Recently, digital cameras have become embedded within smartphones, which have become the most popular and rapidly developing computing device in the last twenty years. Smartphones are relatively easy to use and carry in the forest and can provide high-quality images at a low cost. Images obtained from smartphone cameras have recently been employed for various measurement purposes, such as estimating the chemical properties of soil (Aitkenhead et al. 2020) and indoor navigation and positioning (Yan et al. 2020). Celes et al. (2019) evaluated indirect measurements of tree diameter using images obtained from a smartphone camera (iPhone 4S) and digital camera (Sony CYBER-SHOT model DSC_HX7) in the Amazon forest. Two cameras showed similar performance within a 1 cm confidence interval. Some applications (apps) that use the smartphone camera have been developed to estimate tree measurements in a forest sample plot or stand. For instance, the Trestima app interprets images obtained from the smartphone camera and assesses tree characteristics such as diameter, height, and basal area. Vastaranta et al. (2015) examined the accuracy of the Trestima app when used in the boreal forest, and the error for DBH measurements varied between 5.2% and 11.6% of DBH depending on the tree species, the number of the images collected, and image shooting locations. Another study by Siipilentho et al. (2016) compared the accuracy and reliability of the same app for determining stand-level characteristics within a boreal forest to airborne laser scanning methods (ALS) and a conventional forest measurement process. The results from the Trestima app produced the most accurate and reliable stand characteristics with the smallest bias. Other similar forestry apps, such as MOTI, have been developed and tested by researchers (Molinier et al. 2016, Silva 2018). However, these apps are often not freely available and are designed for specific regions or tree species.
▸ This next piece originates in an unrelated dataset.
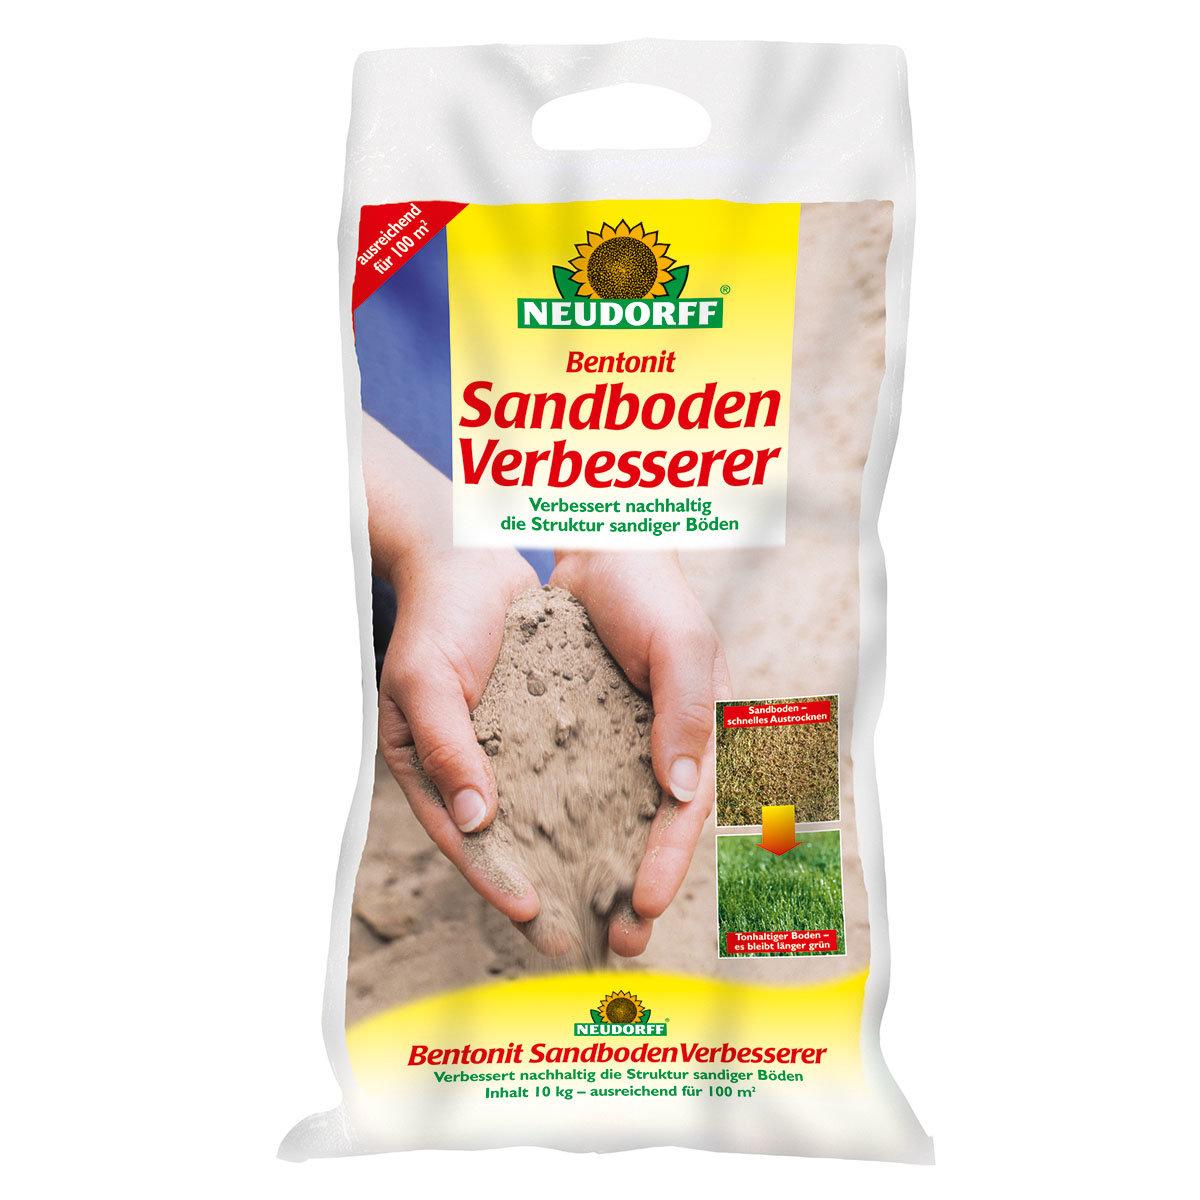 Neudorff Betonit SandbodenVerbesserer, 10 kg

Within cellular phones, measurement apps that are not explicitly designed for forestry uses have been released continuously, in accordance with advancements in technology. Some of these are freely available and claim they can easily measure any object. Based on this new source of technology, this research project had the objective of evaluating whether a measurement app can feasibly be used as a dendrometer under forest conditions. Hence, we designed a precision forestry study to assess the accuracy of tree DBH measurements obtained using direct contact devices (calipers) and indirect or remote devices (Apple Measure app (using iPhone X) and laser caliper (Haglof Sweden – Gator Eyes Laser Pointer)) operated at several distances from a tree. We further examined whether data collected in different forest types might result in significant differences in tree DBH measurements.

2. Methods

2.1 Study Area

The study area is located in the western Black Sea Region of Turkey, in the center of Düzce Province (40o37‘18’’ – 41o06’58’’ N and 30o50‘14’’ – 31o51’13’’ E), and approximately 230 km east of Istanbul. Düzce Province is relatively flat and surrounded by mountains. The elevation of the city ranges from 100 m to 1800 m.
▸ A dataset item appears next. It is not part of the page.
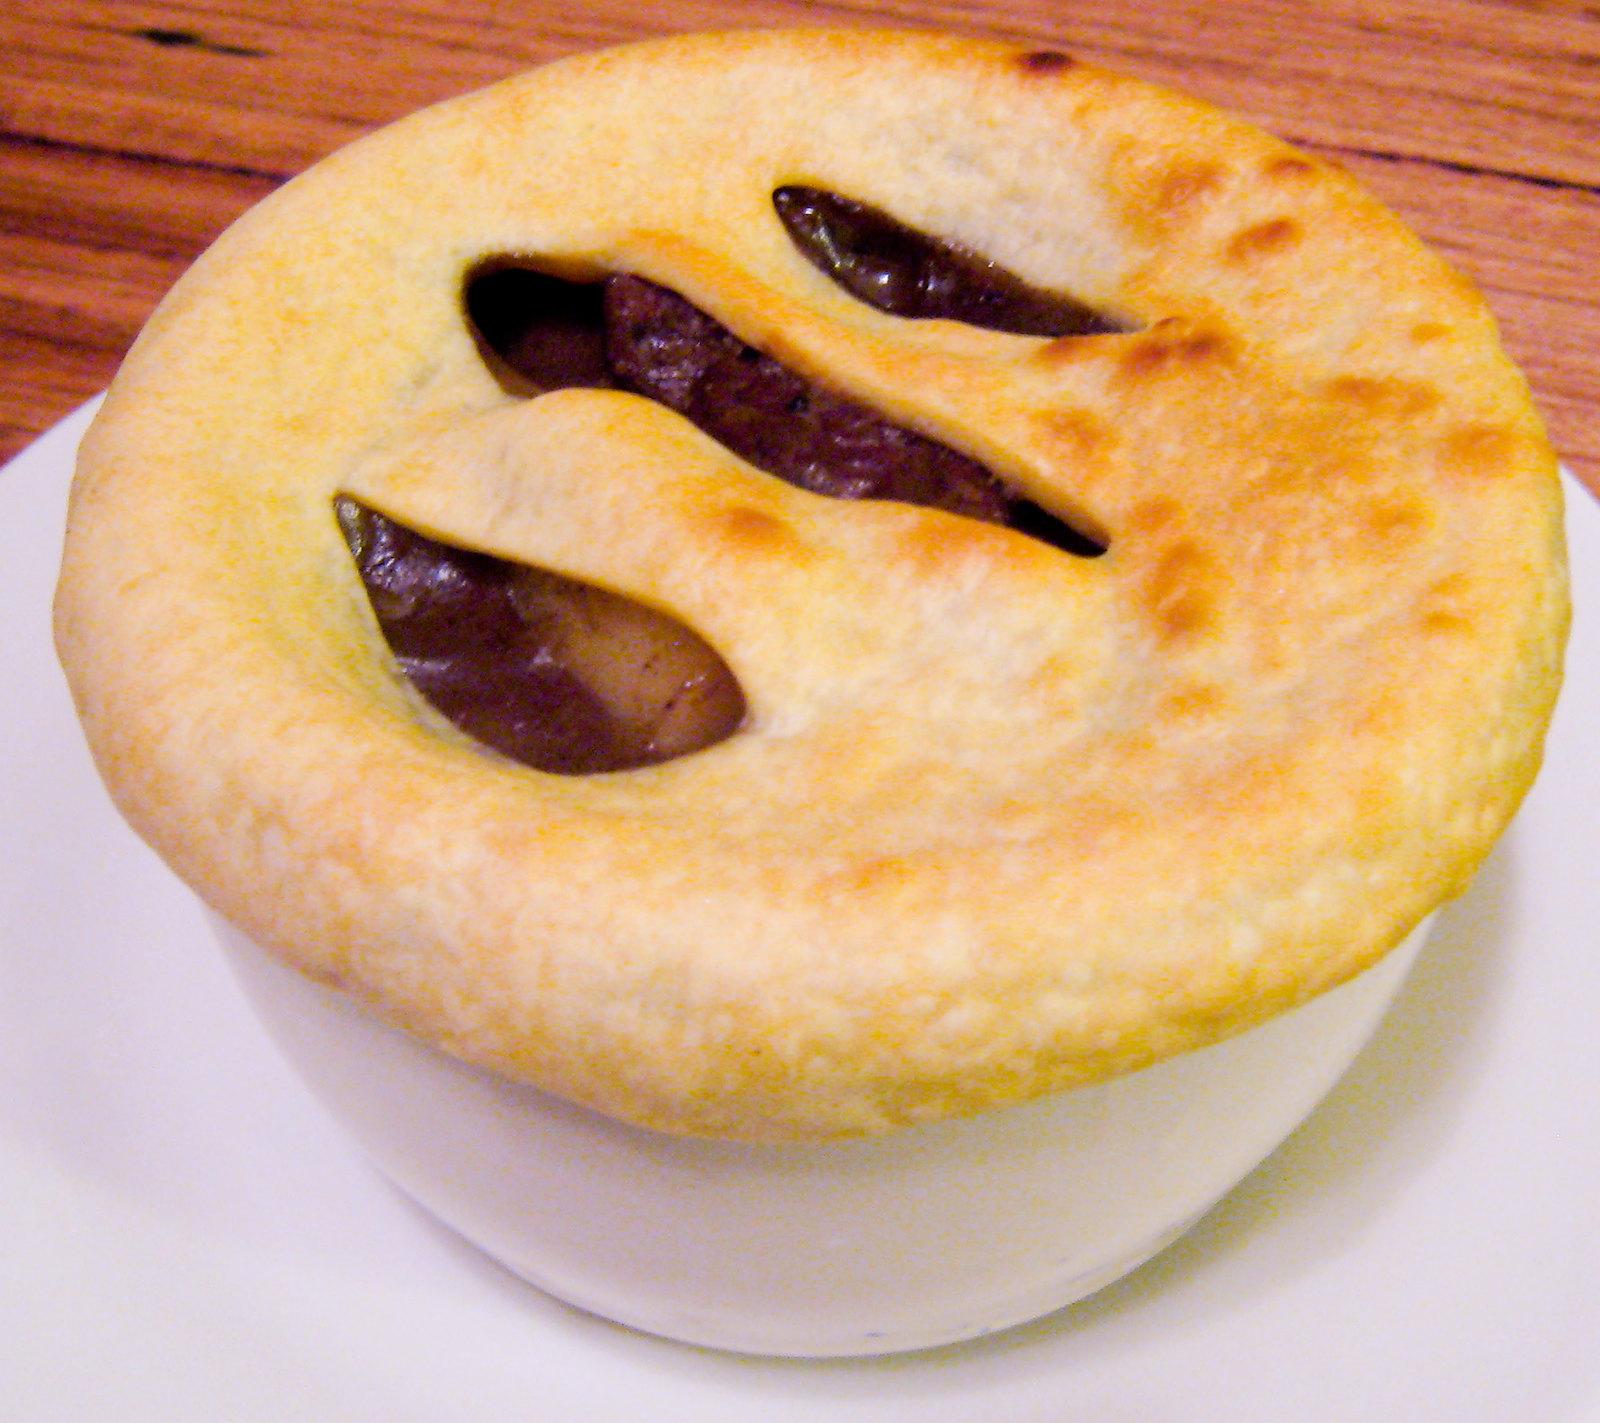 16.4.1 Kidney Pie
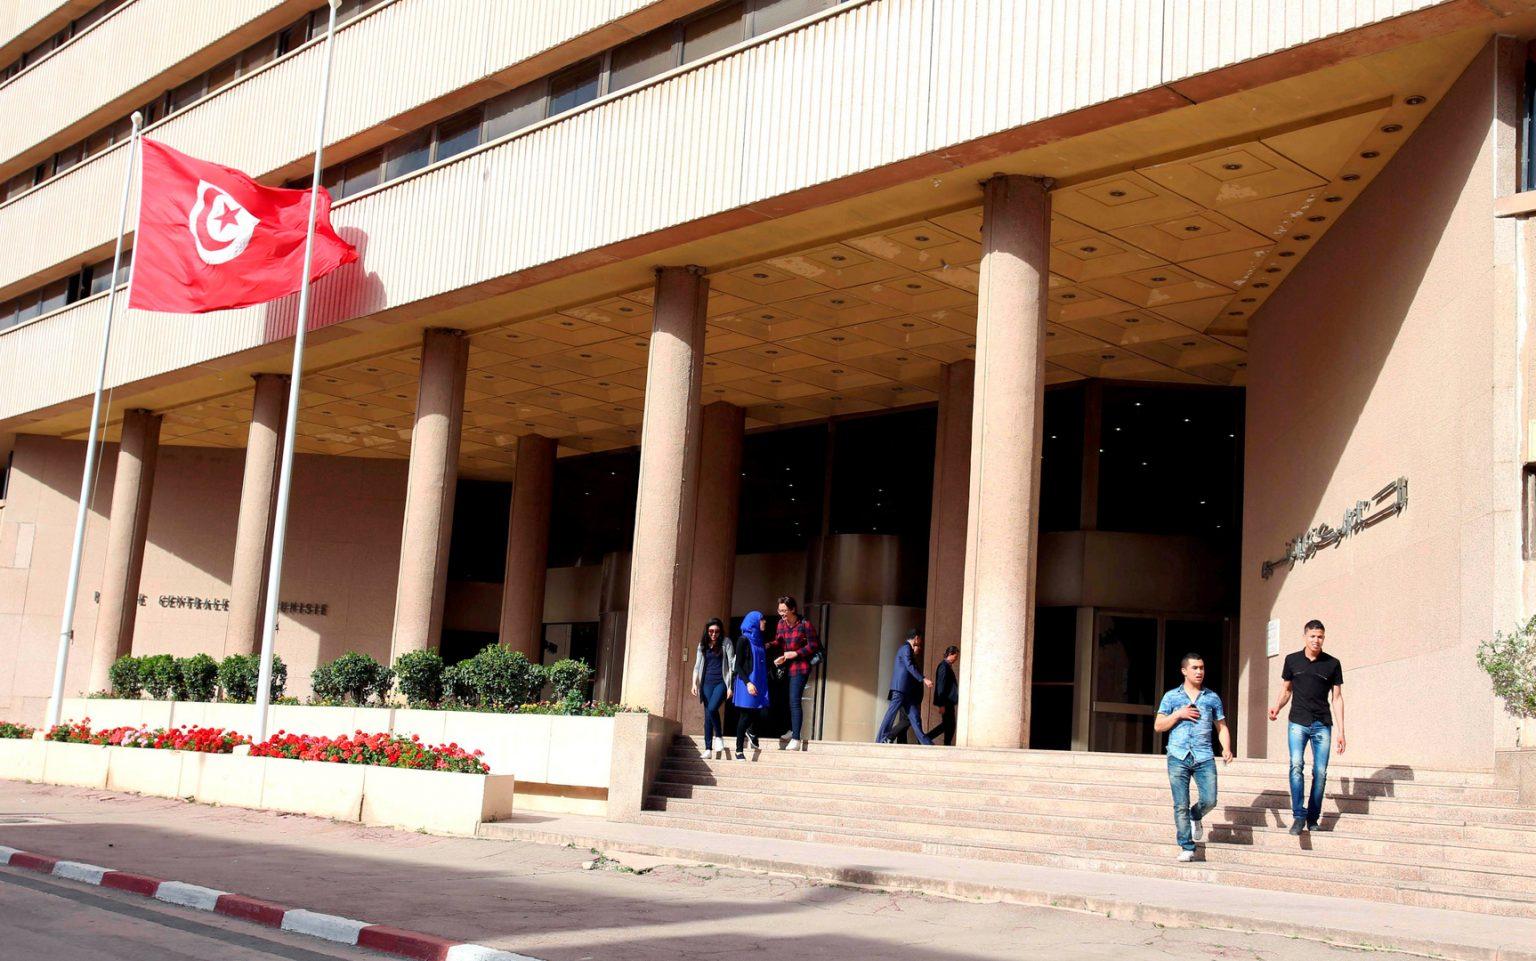 Tunisian labor union

Fig. 1 Location of study area and sample plots

For this study, trees were measured in three different forest types: pine, poplar, and oak forests. These forests (Fig. 1) are usually used for field practices by Düzce University, Faculty of Forestry, even though the owners are different. The size of the plots was approximately 600 m2, 700 m2, and 590 m2 in the pine, oak, and poplar forests, respectively. The plot in the pine forest, which belongs to the municipality (planted for public use), is composed of only maritime pine (Pinus pinaster) and is placed on a southern aspect with a 25% slope and an elevation of 285 m above sea level. The plot in the oak forest, which is owned by Duzce University, is comprised of Turkey oak (Quercus cerris). The average slope and elevation of the plot is 30% and 285 m above sea level, respectively. The poplar plot is located in a private industrial plantation forest composed of common aspen (Populus tremula L.), on relatively flat topography with a 150 m elevation. Each of the forest types where these plots were located has different characteristics (Table 1) that may directly or indirectly affect the measurements. The different tree species were selected to assess potential measurement discrepancies due to differences in bark characteristics, such as color and texture, and the amount of the light that penetrates each forest as a function of the tree density and canopy closure (Liu et al. 2001, Moran and Williams 2002, Weaver et al. 2015).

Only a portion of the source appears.